UNITED STATES
SECURITIES AND EXCHANGE COMMISSION
WASHINGTON, D.C. 20549
_____________________
 
FORM 8-K
 
CURRENT REPORT
Pursuant to Section 13 or 15(d) of the Securities Exchange Act of 1934
 
Date of Report (Date of earliest event reported): October 24, 2017
MVP REIT II, Inc.
(Exact Name of Registrant as Specified in its Charter)
 
 
 
 
 
Maryland
333-205893
47-3945882
(State or other Jurisdiction
of Incorporation)
(Commission File Number)
(I.R.S. Employer
Identification No.)
 
 
 
8880 W. SUNSET ROAD SUITE 340
LAS VEGAS, NV
89148
(Address of Principal Executive Offices)
(Zip Code)
 
 
 
Registrant's telephone number, including area code: (702) 534-5577
 
 
N/A
(Former name or former address, if changed since last report)
_____________________
 
Check the appropriate box below if the Form 8-K filing is intended to simultaneously satisfy the filing obligation of the registrant under any of the following provisions:
 
[ ]
Written communications pursuant to Rule 425 under the Securities Act (17 CFR 230.425)
 
 
 
[ ]
Soliciting material pursuant to Rule 14a-12 under the Exchange Act (17 CFR 240.14a-12)
 
 
[ ]
Pre-commencement communications pursuant to Rule 14d-2(b) under the Exchange Act (17 CFR 240.14d-2(b))
 
[ ]
Pre-commencement communications pursuant to Rule 13e-4(c) under the Exchange Act (17 CFR 240.13e-4(c))
 
 
Emerging growth company 
If an emerging growth company, indicate by check mark if the registrant has elected not to use the extended transition period for complying with any new or revised financial accounting standards provided pursuant to Section 13(a) of the Exchange Act.

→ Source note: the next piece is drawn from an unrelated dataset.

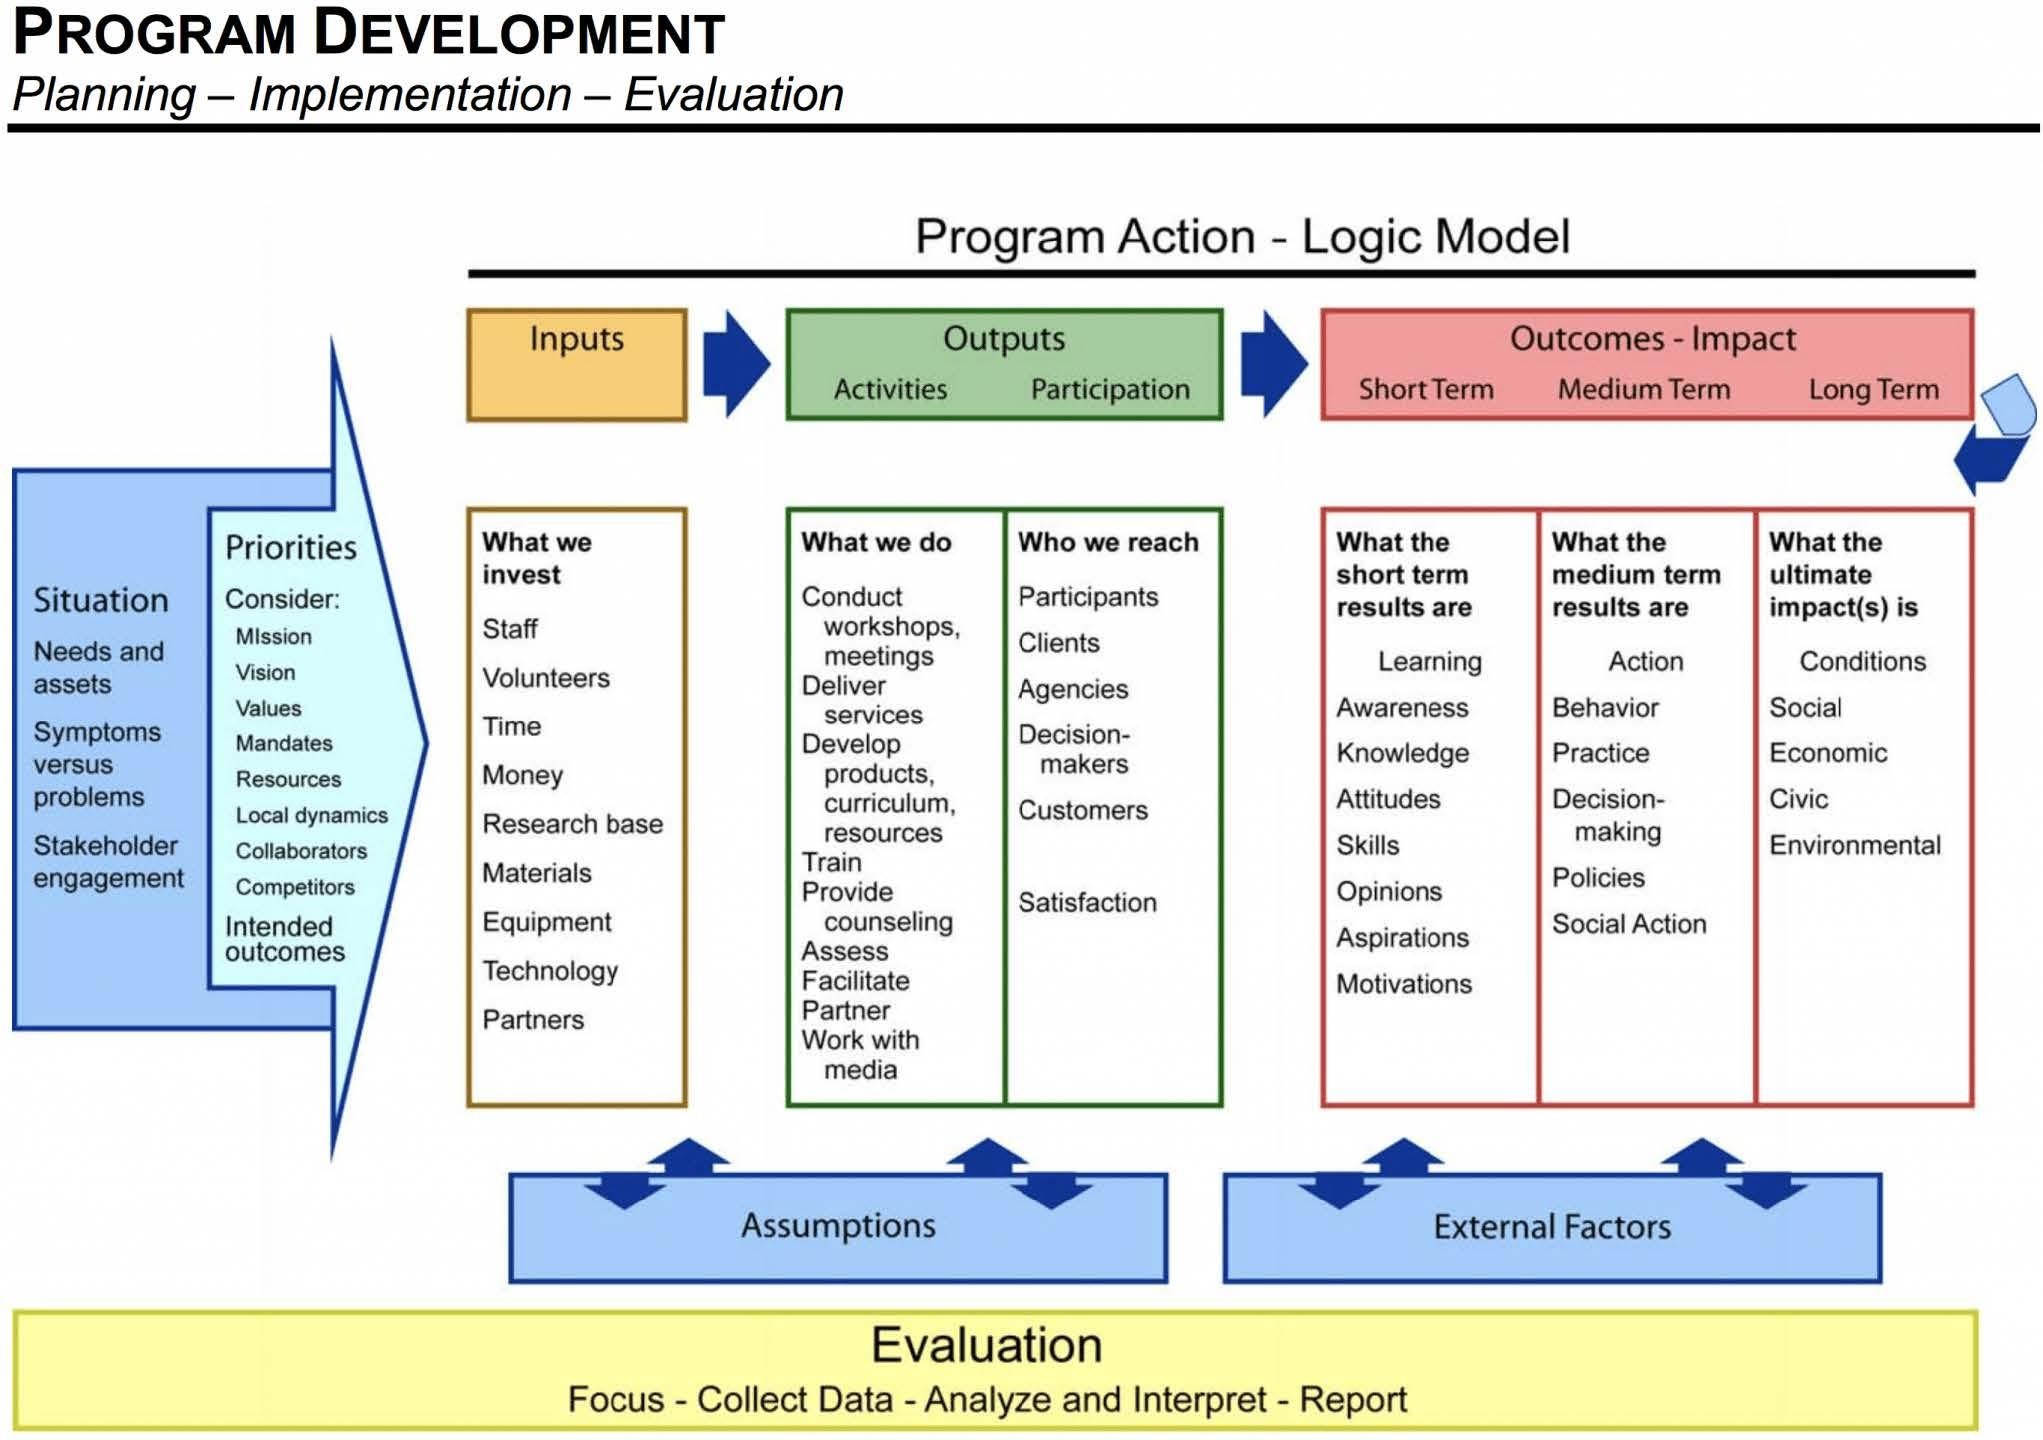 Logic Model on program development

Item 7.01  Regulation FD Disclosure

As previously disclosed, the shareholders of MVP REIT, Inc. ("MVP I") voted on September 27, 2017 to approve the previously announced proposed merger of MVP I with and into a wholly-owned merger subsidiary of MVP REIT II, Inc. ("MVP II," and together with MVP I, "MVP") with the merger subsidiary continuing as the surviving entity.  The combined company will be renamed "The Parking REIT, Inc."  The completion of the proposed merger remains subject to receipt of consents with respect to mortgage loans that are part of a CMBS pool of mortgages. MVP expects to receive these consents in the near future, but cannot provide assurance as to exact timing.

The information in this Item 7.01 is being furnished pursuant to Item 7.01 of Form 8-K and shall not be deemed "filed" for purposes of Section 18 of the Securities Exchange Act of 1934, as amended (the "Exchange Act"), or otherwise subject to the liabilities of that section, nor shall the information be deemed incorporated by reference in any filing with the Securities and Exchange Commission (the "SEC") made by MVP I and MVP II under the Securities Act of 1933, as amended (the "Securities Act"), or the Exchange Act.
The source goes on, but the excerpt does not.